Look to your marketing team to support the sales process. Many times educational material such as videos, blogs, webcasts, and white papers can touch on the topics most important to customers. There are also many outside agencies who can produce content for you at a reasonable cost.

A few tips on selling through a social platform:

Just as you might use D&B, Salesforce or web sites to research prospects, get to know them by reading their profiles and find something in common (a person, an activity, a conversation) and then dive into your traditional sales techniques. Think of social media as a way to build your reputation in terms of branding and impressions, rather than closing.
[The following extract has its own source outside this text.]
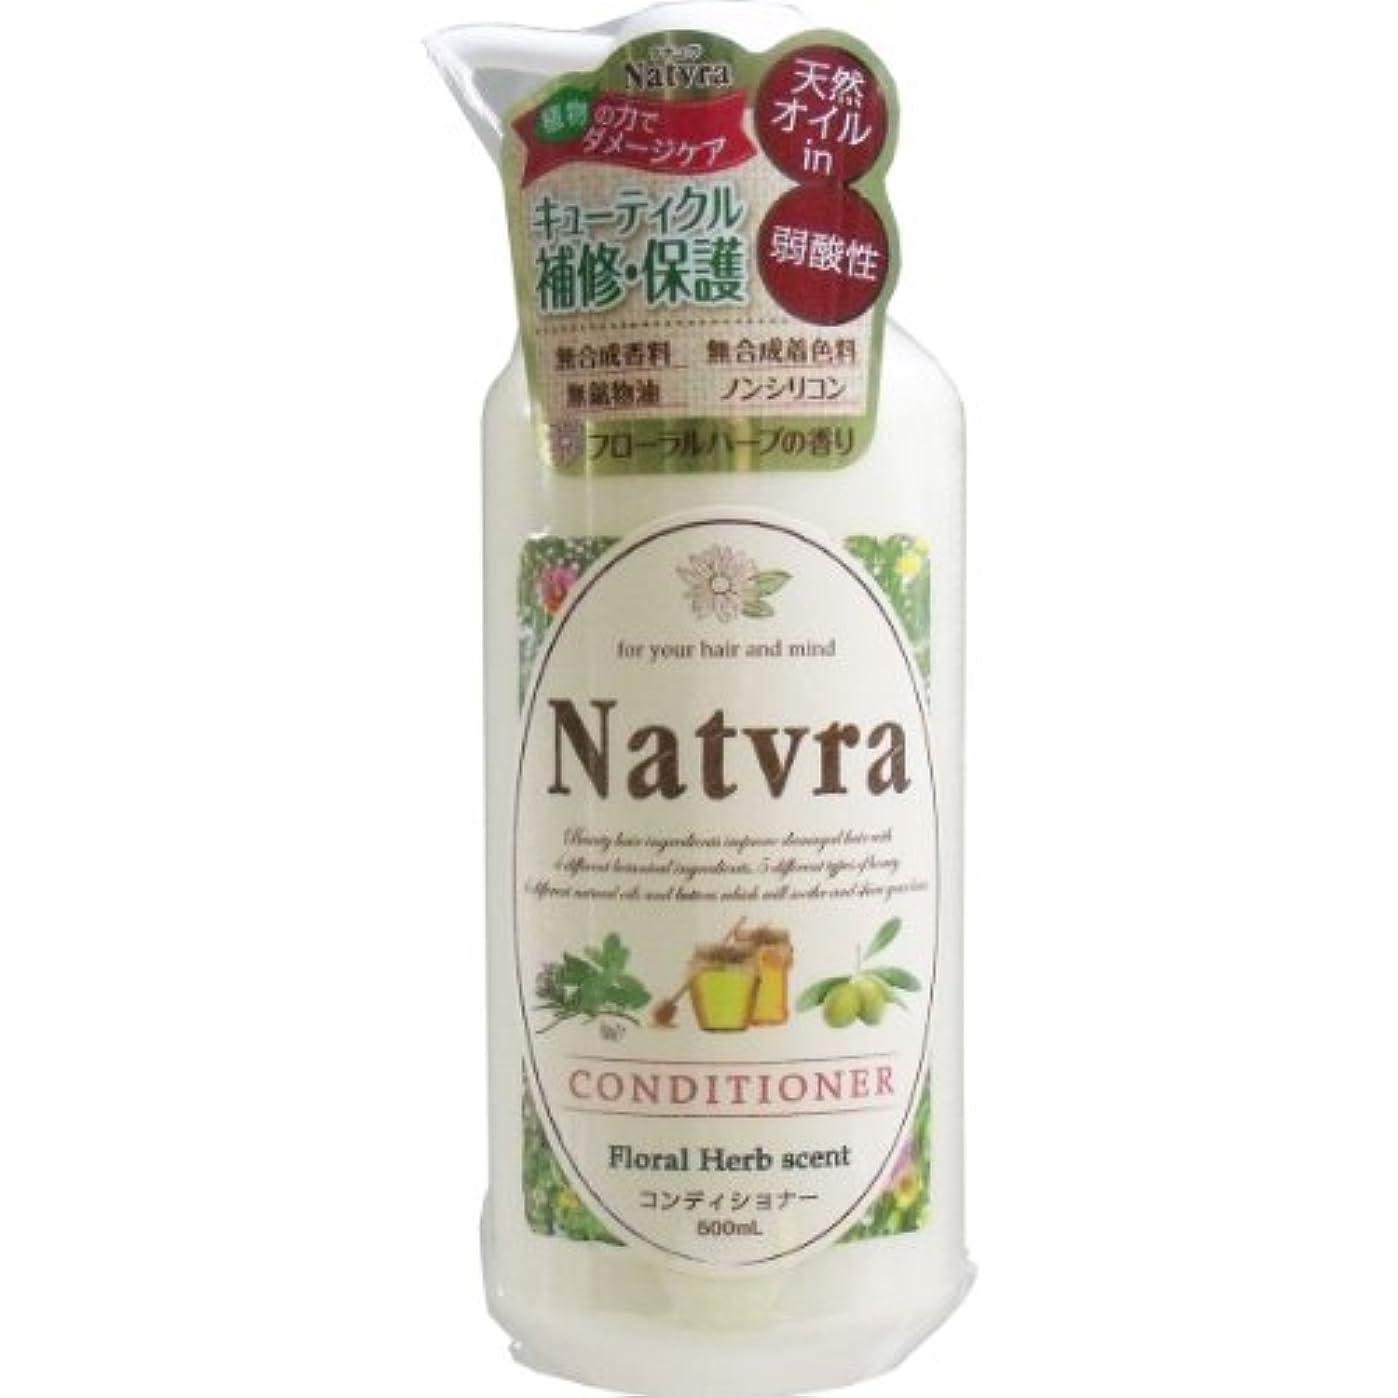 対抗においテキストNatvra(ナチュラ) コンディショナー フローラルハーブの香り 500mL

  • Don't broadcast your request for an appointment to an entire group or list, send private emails or private posts.
  • Use your knowledge of them to request a connection and to set a pre-scheduled call.
  • Work on your relationship, not your revenue. That means ask questions, listen, sympathize and provide value before you suggest a solution.
  • I am going to repeat this because it is really that important. Listen to what they are saying before commenting. This will open doors and start a conversation without having to make a cold call.

The best thing to do now is just dive in. You will make mistakes and you will get frustrated, but don't let that stop you. Social selling takes time and effort, but with the right content and engagement, it can reveal prospects that can pay dividends. That's what will happen when social media prospects become customers down the road.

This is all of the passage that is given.